Many houses have a split system, with the condenser and compressor on the outside of the home and the blower or furnace unit on the inside. No matter what type of HVAC you have, keeping it clean and free of debris is your best bet against wear and tear.
Because it’s dangerous to work around electricity, turn off all power to the AC unit every time you need to work on it. Find the shut-off box near the outside unit when you’re cleaning the condenser and compressor, as well as the breaker.
Clean the condenser and compressor
Usually found outside the home, the condenser can get clogged with dirt, dust and debris. This reduces its efficiency and could even blow outside allergens into your home.
- First, remove the fan cage, lifting it off the top of the unit.
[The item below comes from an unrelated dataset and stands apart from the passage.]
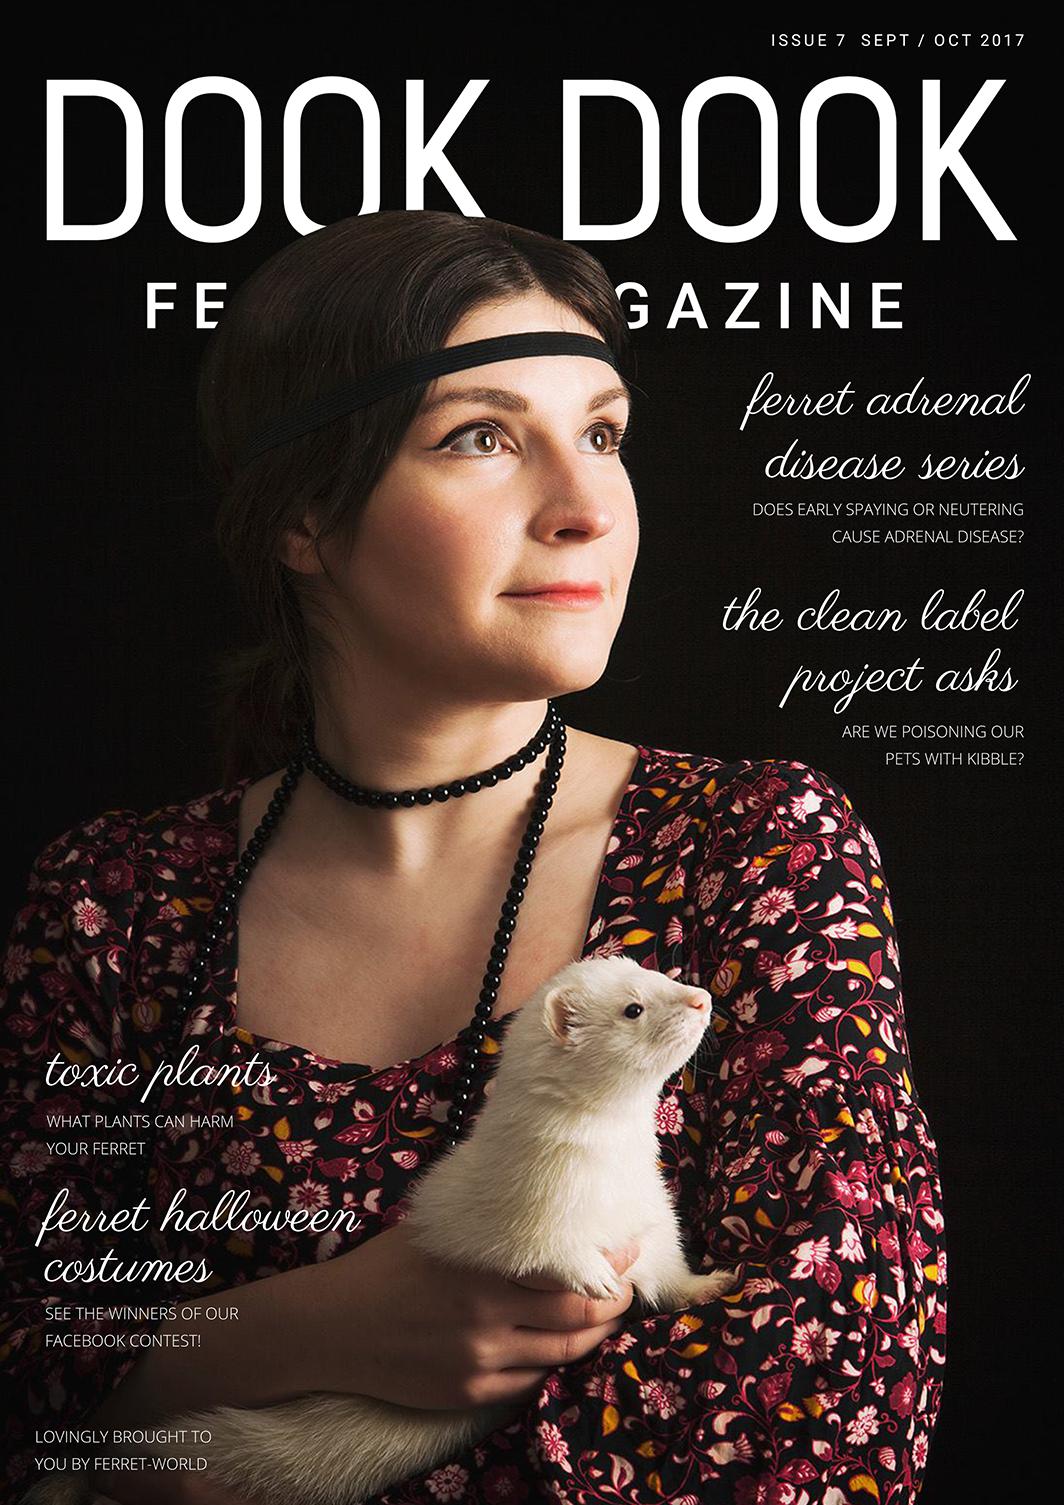 Dook Dook Ferret Magazine Issue 7

Use a hose, your hands or a wet-dry vac to remove the debris from the inside, and then reattach the cage.
- Next, use a hose (not a pressure washer) to clean the fins on the side of the condenser, aiming the stream from the inside out. You can also use a special commercial cleaner. If the fins are crooked, use a straightener tool (available at your local home improvement store) or a dull knife. Use care on this delicate part of the unit.
- Finally, rake leaves and trim shrubs around the unit itself. The idea is to create optimal airflow to the motor so it doesn’t overheat.
Move to the inside
The inside part of a split-system air conditioner is what blows cool, dry air into your home. You’ll want to clean it every six months to prevent dust and pollen from building up.
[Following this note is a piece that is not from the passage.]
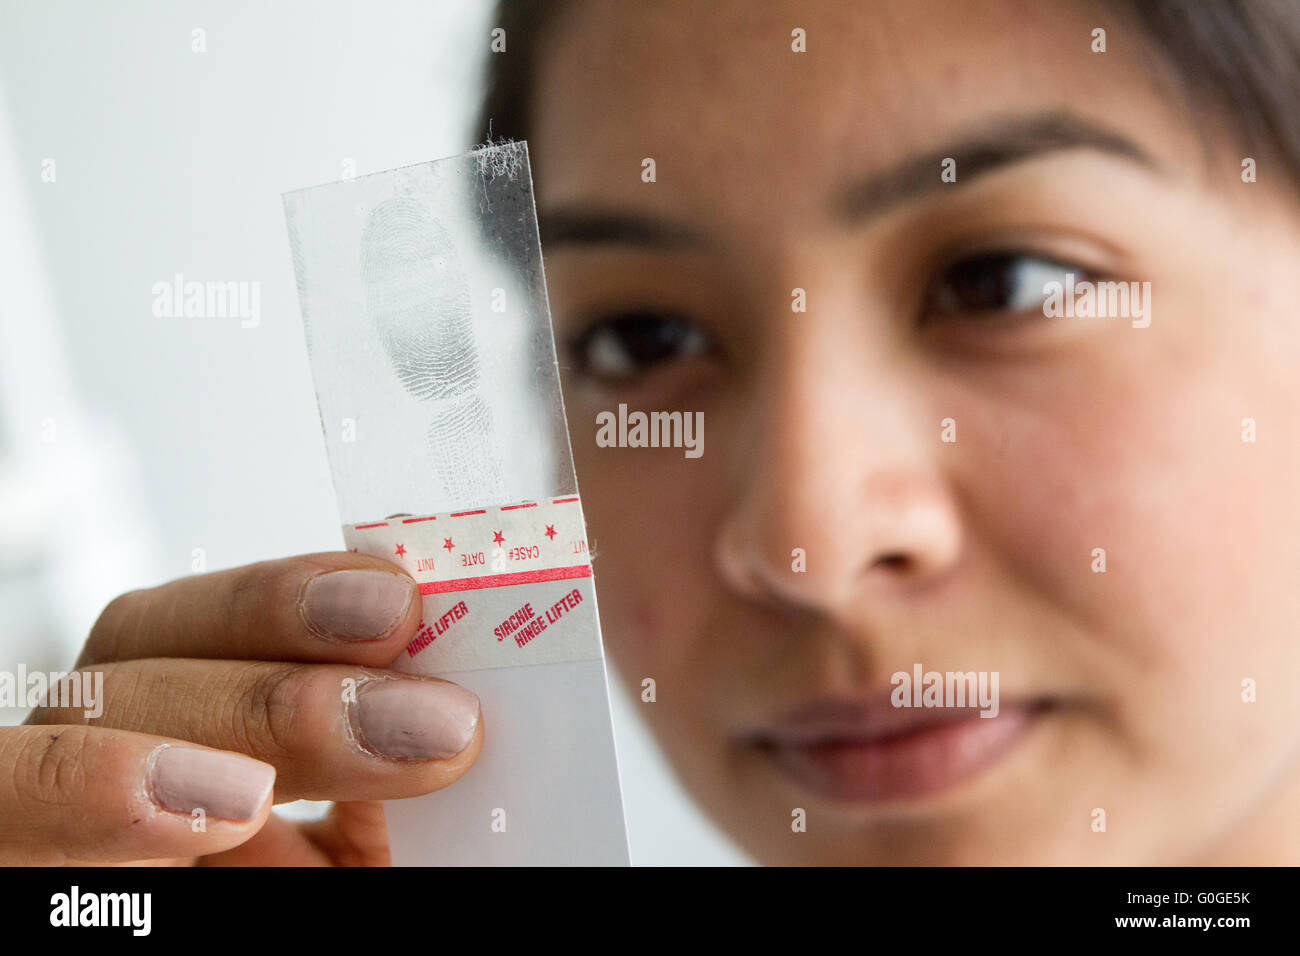 Forensic scientist examining fingerprint - Stock Image

- First, make sure all power to the unit is shut off. Locate the door to the evaporator coil. It may be lined with cut tape or contain a few bolts or screws, so bring a screwdriver. When you’ve removed the door, give the coils a once-over with a soft brush and follow it up with some foaming, no-rinse coil cleaner. Replace the door.
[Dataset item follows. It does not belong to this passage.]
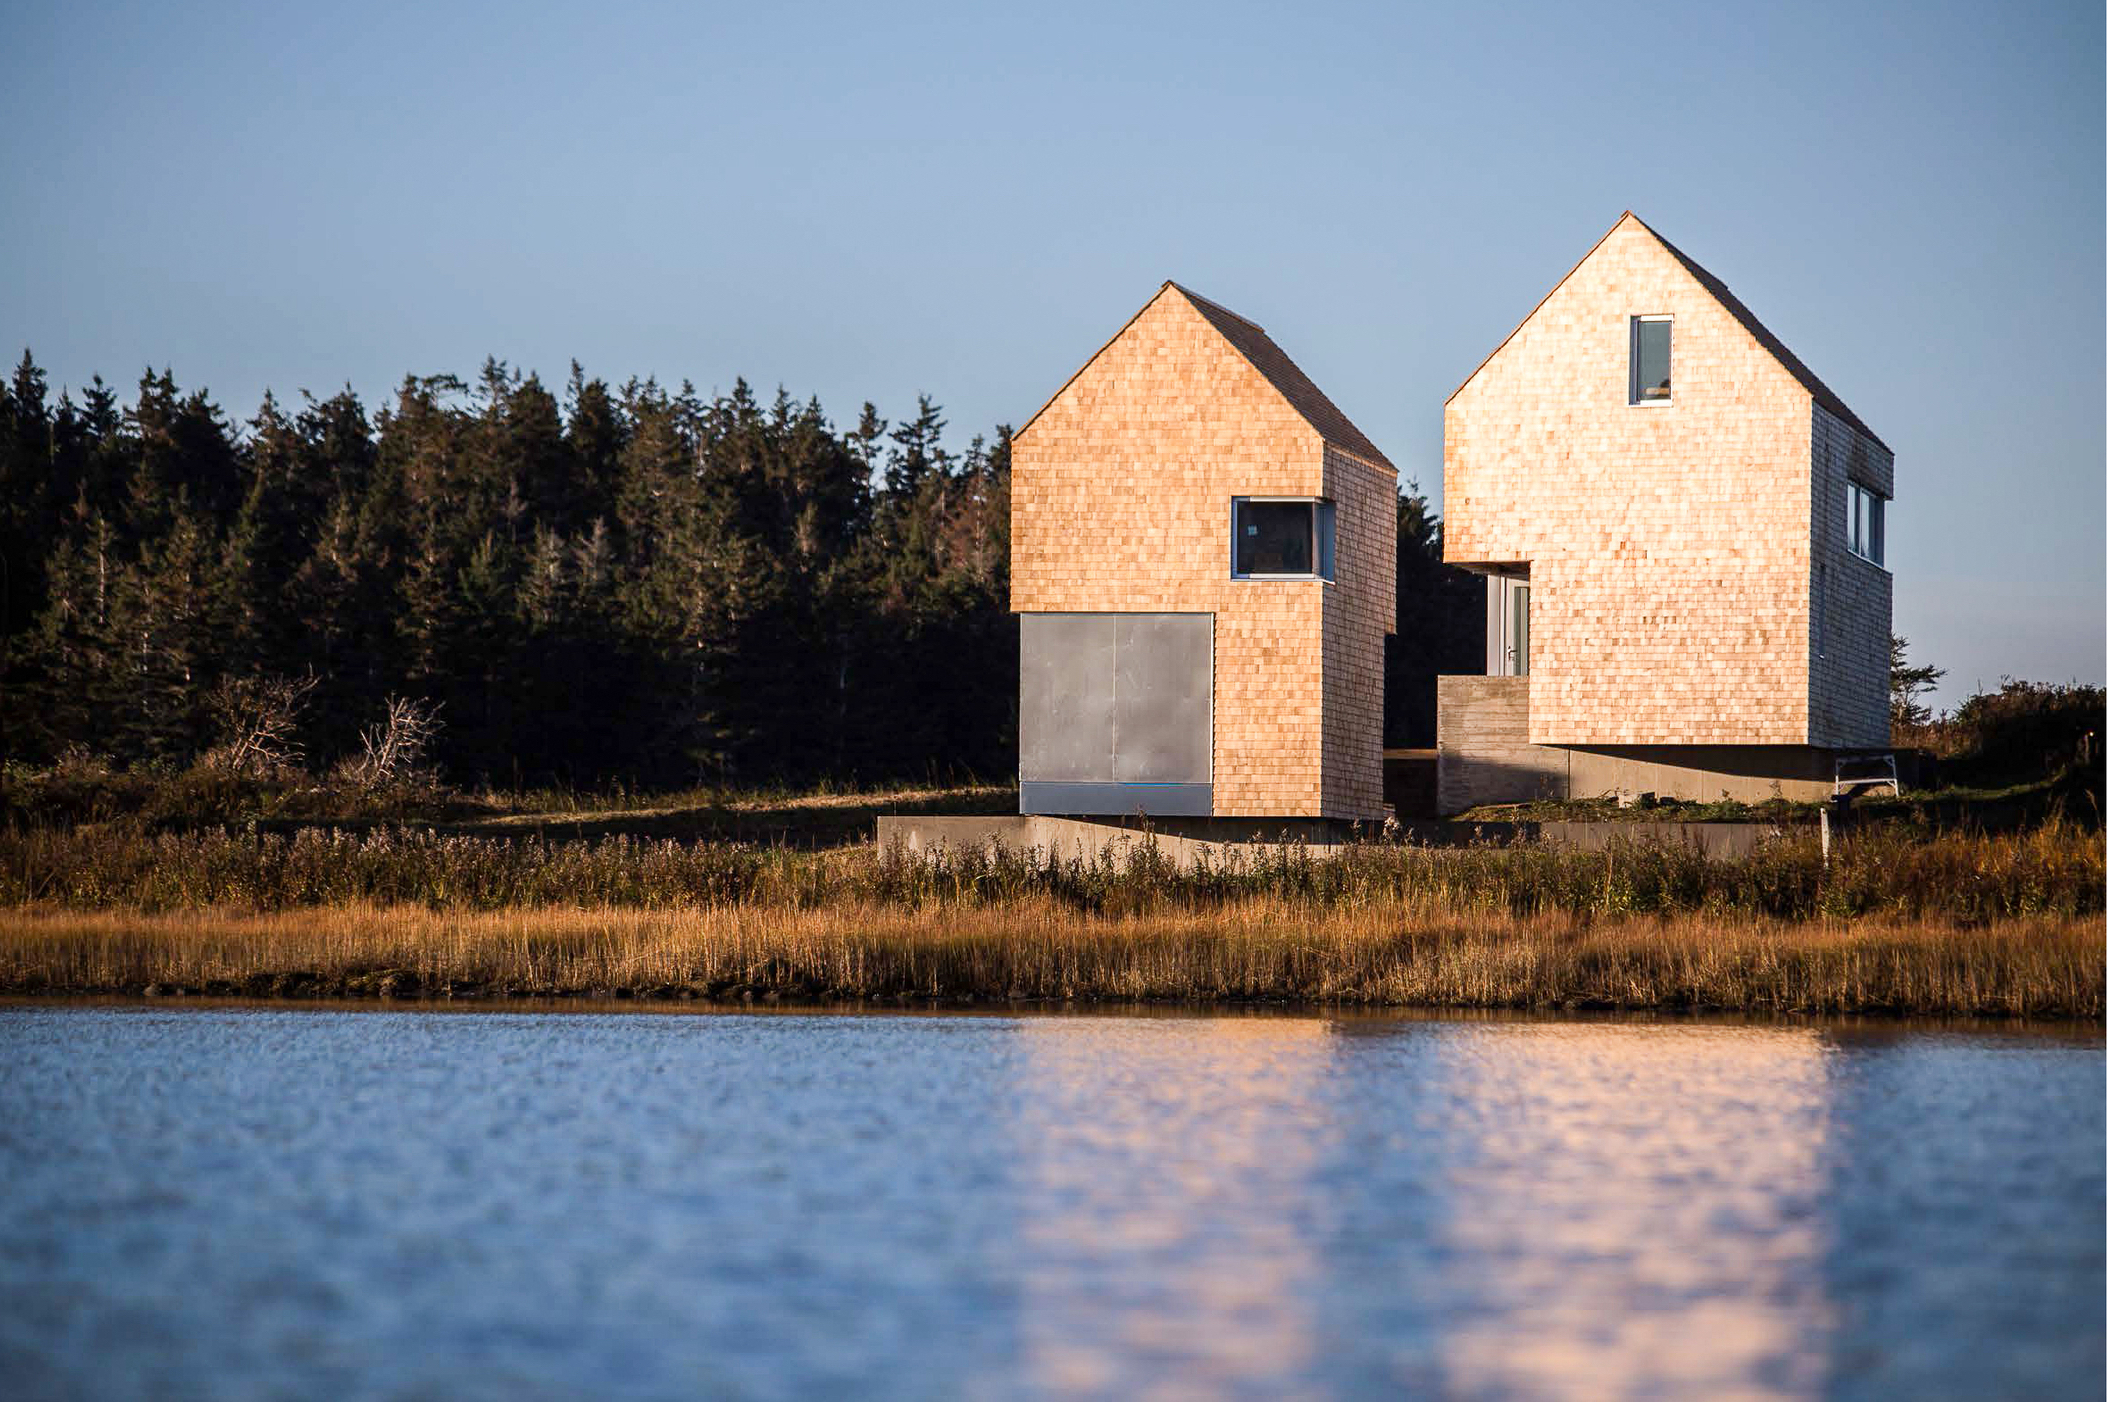 SHOBAC POINT HOUSE - Upper Kingsburg, NS, Canada

- Then, clean out the drain pan that surrounds the blower. Use water mixed with a bit of detergent and some bleach. You can put an antimicrobial tablet in the drain pan to keep mold and algae from growing inside of it.
- The PVC drainage tube that connects your blower to the outside can get clogged by algae. To make sure the pipe is clear, go to where it drains — this is usually outside, in a utility area or in the garage. Use a shop vac to clean out the end of the tube or flush it for a few seconds with a strong stream from a garden hose. If you live in a humid or dusty area, do this every three months.
- Change home air filters regularly. This is one of the easiest and most important steps you as a homeowner can do to keep your living space comfortable and your AC running smoothly. How often will vary according to indoor and outside conditions: dusty parts of the country, construction zones and pollen-prone areas might make it necessary to change them monthly.
- Finally, check your thermostat’s batteries once a year. If you need new ones, just remove the faceplate, using the release button at the top. Replace the batteries and pop the faceplate back on. It’s that easy! Your batteries may need changing if you see a “low battery” indicator, the screen is blank, or your indoor air temperature isn’t adjusting properly.
When to call a pro
Air conditioner maintenance is not one of those home improvement jobs you can DIY completely. It takes advanced training to recharge refrigerant, adjust and replace fan belts, inspect safeties and controls, and lubricate motors and bearings.
If you’re time-starved, a professional AC service company can take care of all your seasonal maintenance tasks. Some offer once- or twice-yearly checkups of all working parts, and the tasks above are included. You can also get free inspections with some home maintenance service contracts.
The bottom line: Put as little stress as possible on your AC system. It works hard enough already during the cooling season, and you want it to last as long as possible!